● Task description
Write the lines below out exactly, dropping each picture.

● Given information
>>>>
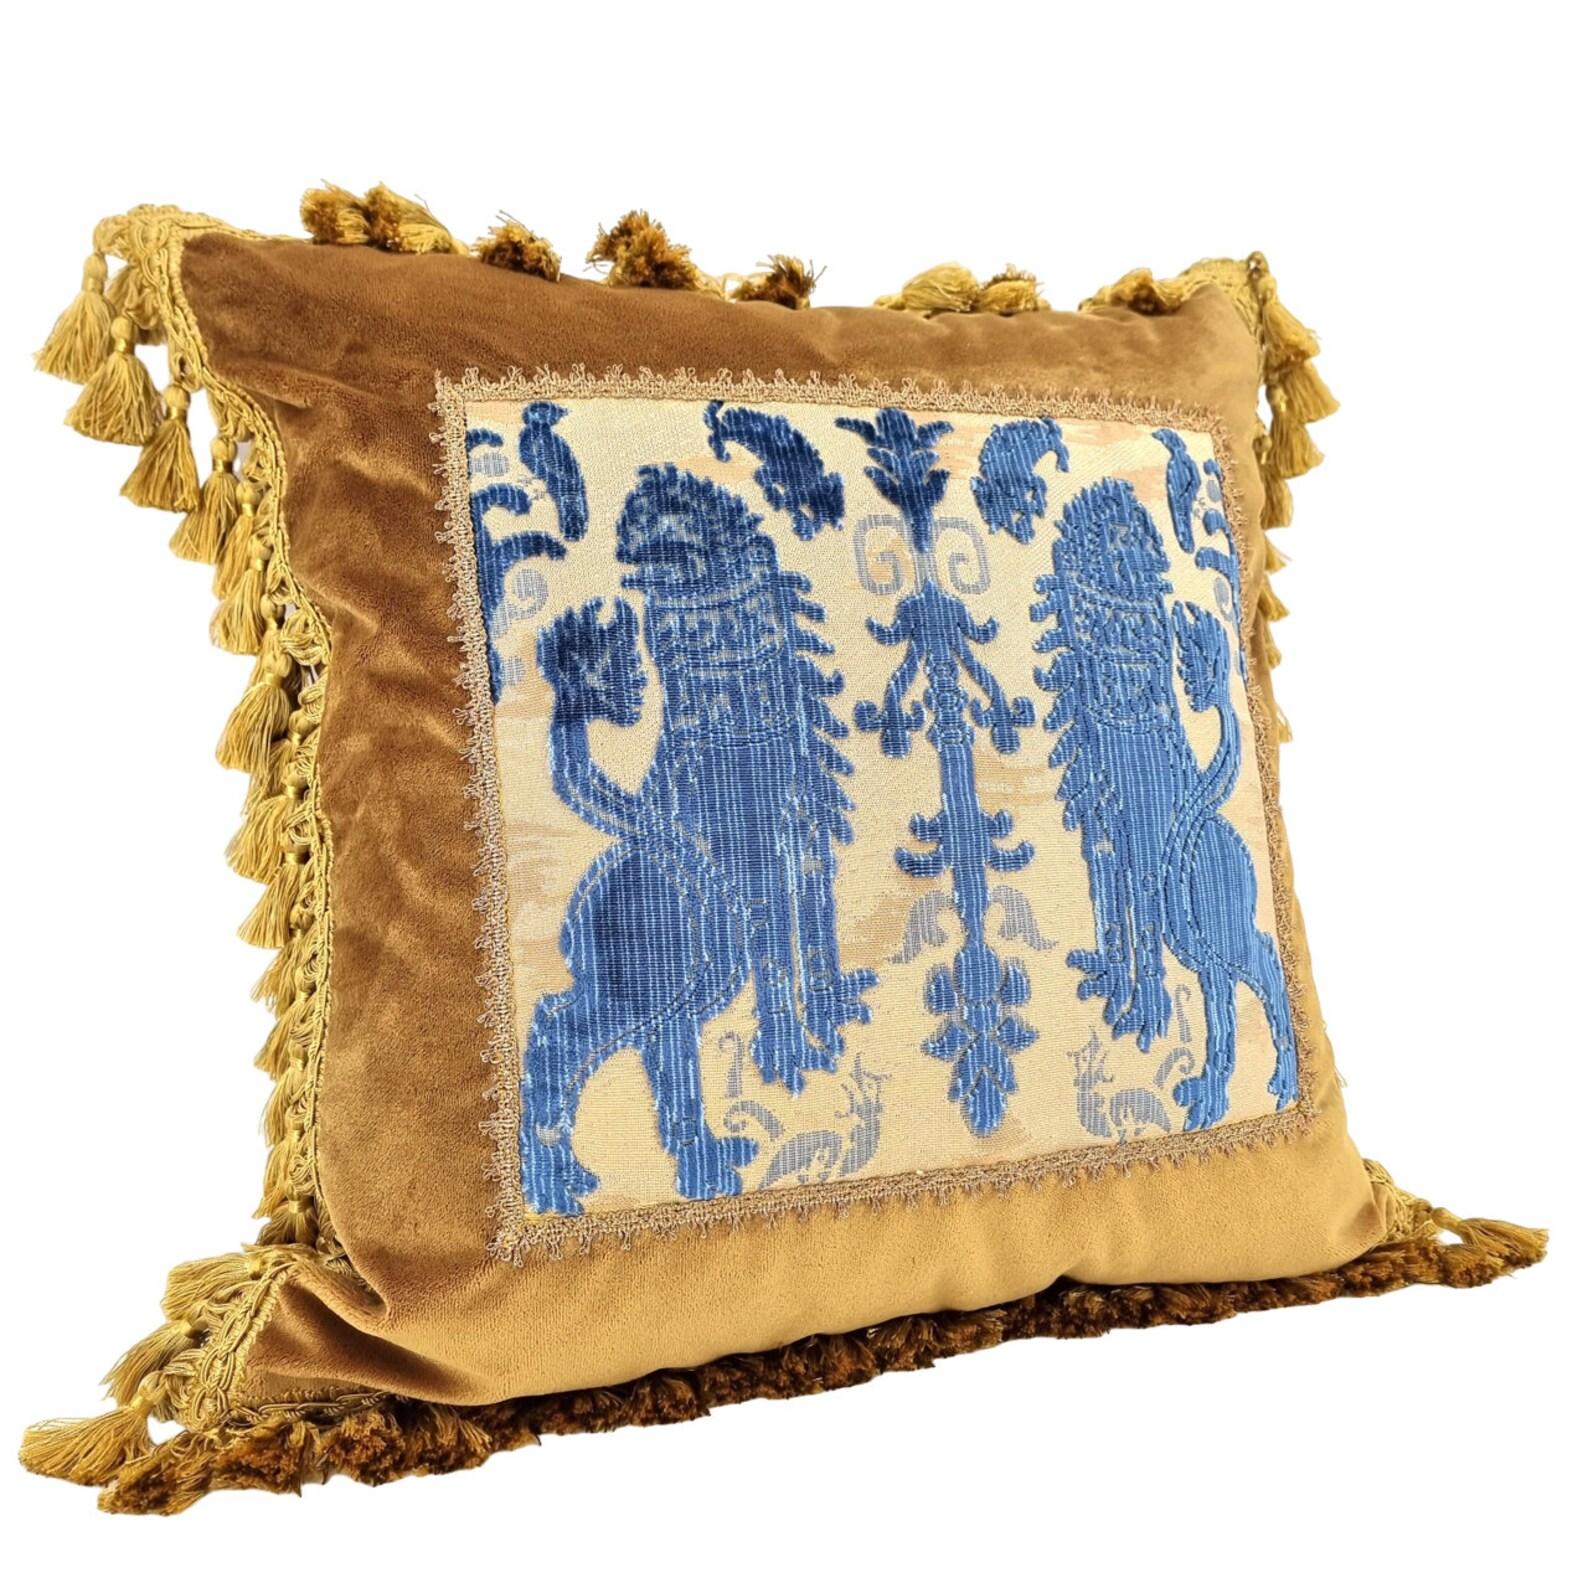 This amazing decorative pillow with gold tassel trim all around the four edges is handmade using Rubelli velvet in antique gold color embellished with front positioned panel in Luigi Bevilacqua indigo blue silk heddle velvet 
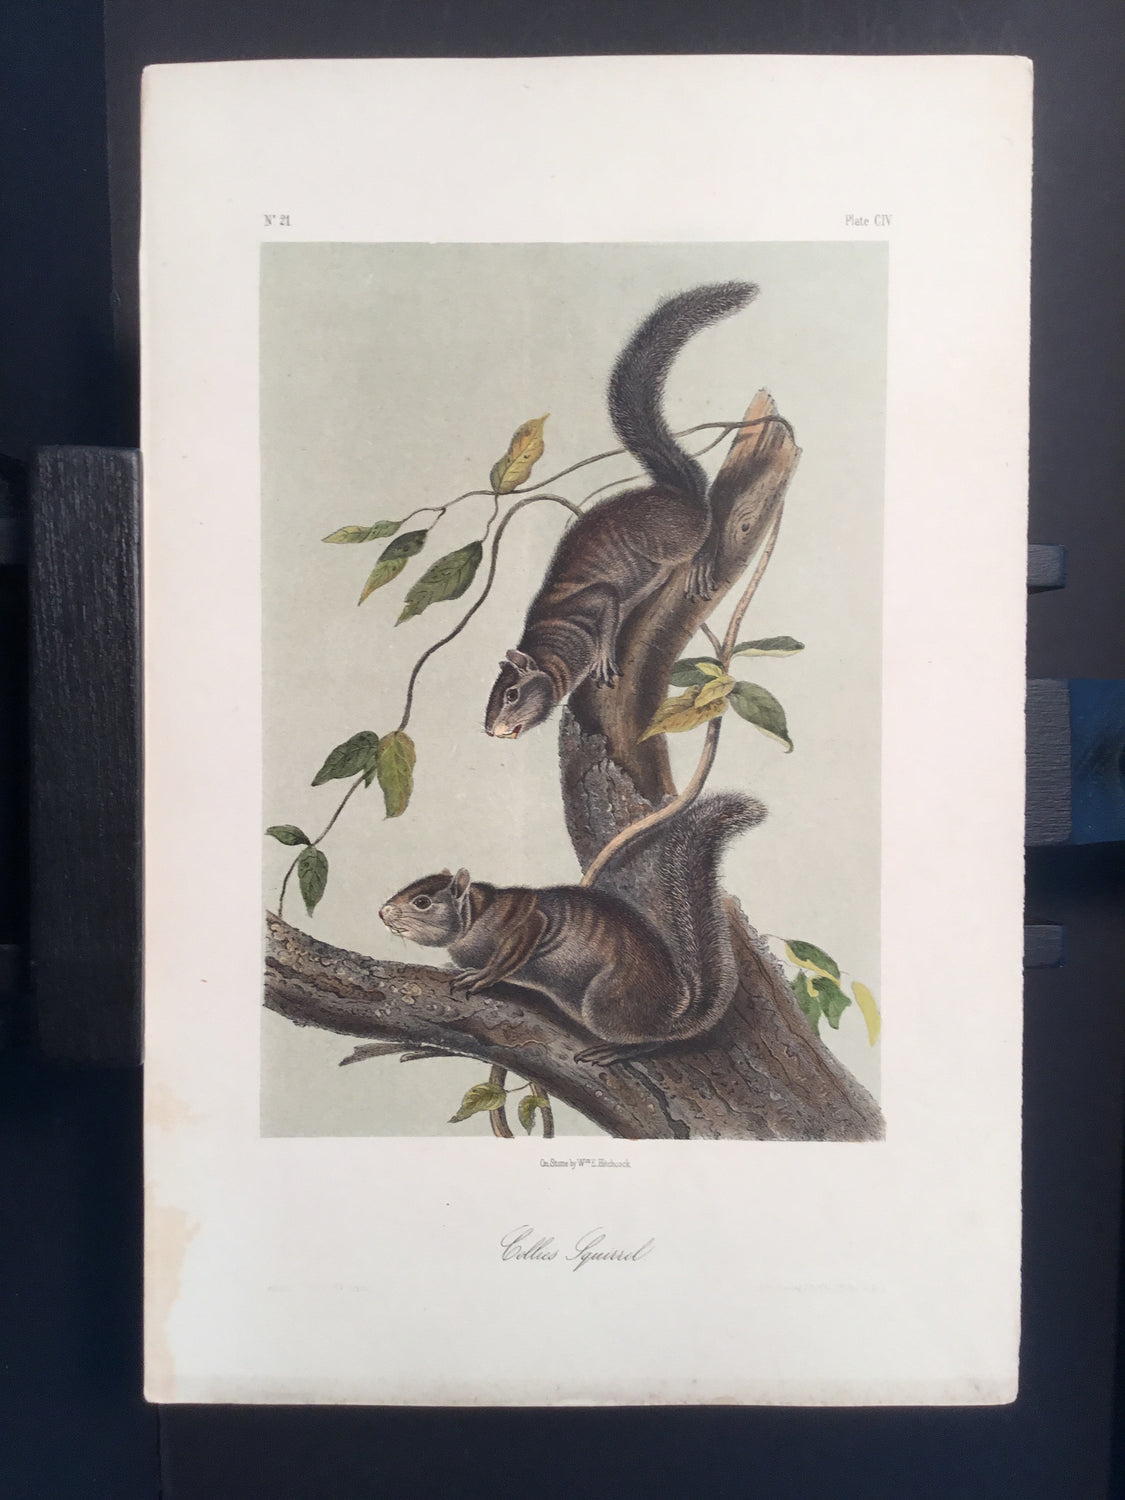 Lord-Hopkins Collection - Collies Squirrels
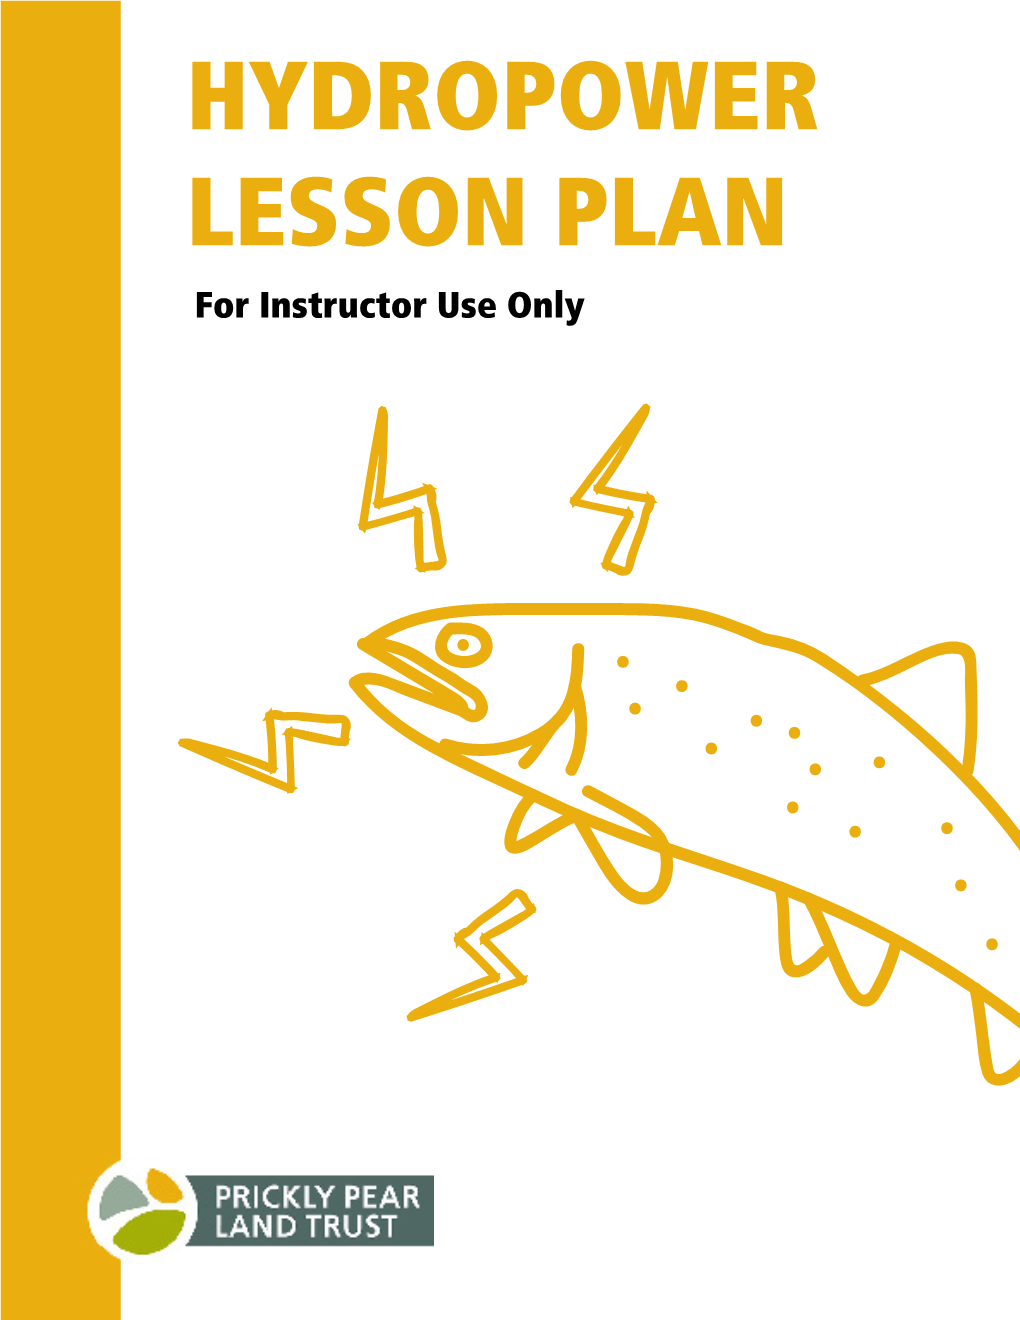 HYDROPOWER LESSON PLAN for Instructor Use Only Hydropower
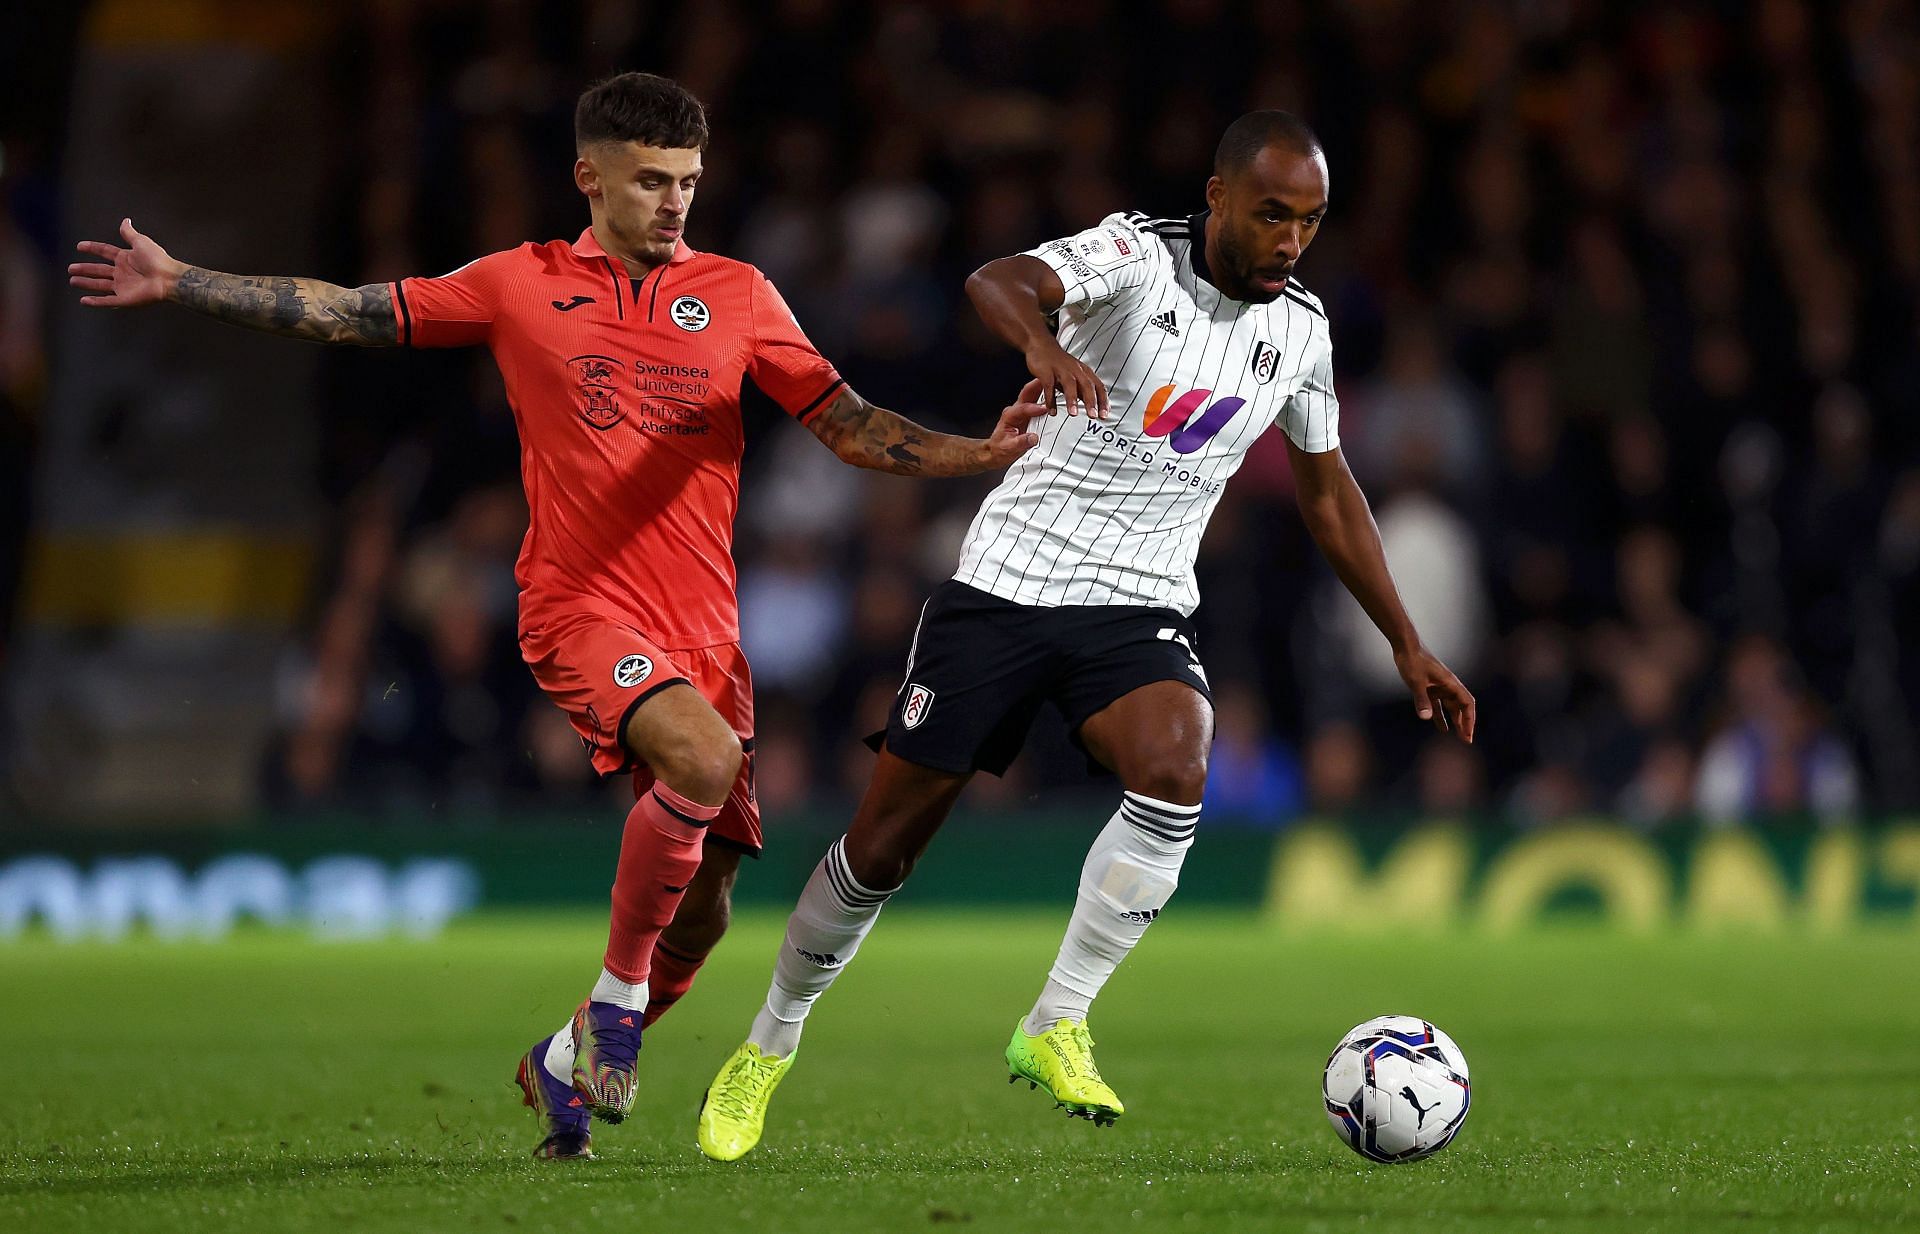 Fulham face Swansea City on Tuesday
<<<<
● Solution for this problem
 This amazing decorative pillow with gold tassel trim all around the four edges is handmade using Rubelli velvet in antique gold color embellished with front positioned panel in Luigi Bevilacqua indigo blue silk heddle velvet 
 Lord-Hopkins Collection - Collies Squirrels
 HYDROPOWER LESSON PLAN for Instructor Use Only Hydropower
 Fulham face Swansea City on Tuesday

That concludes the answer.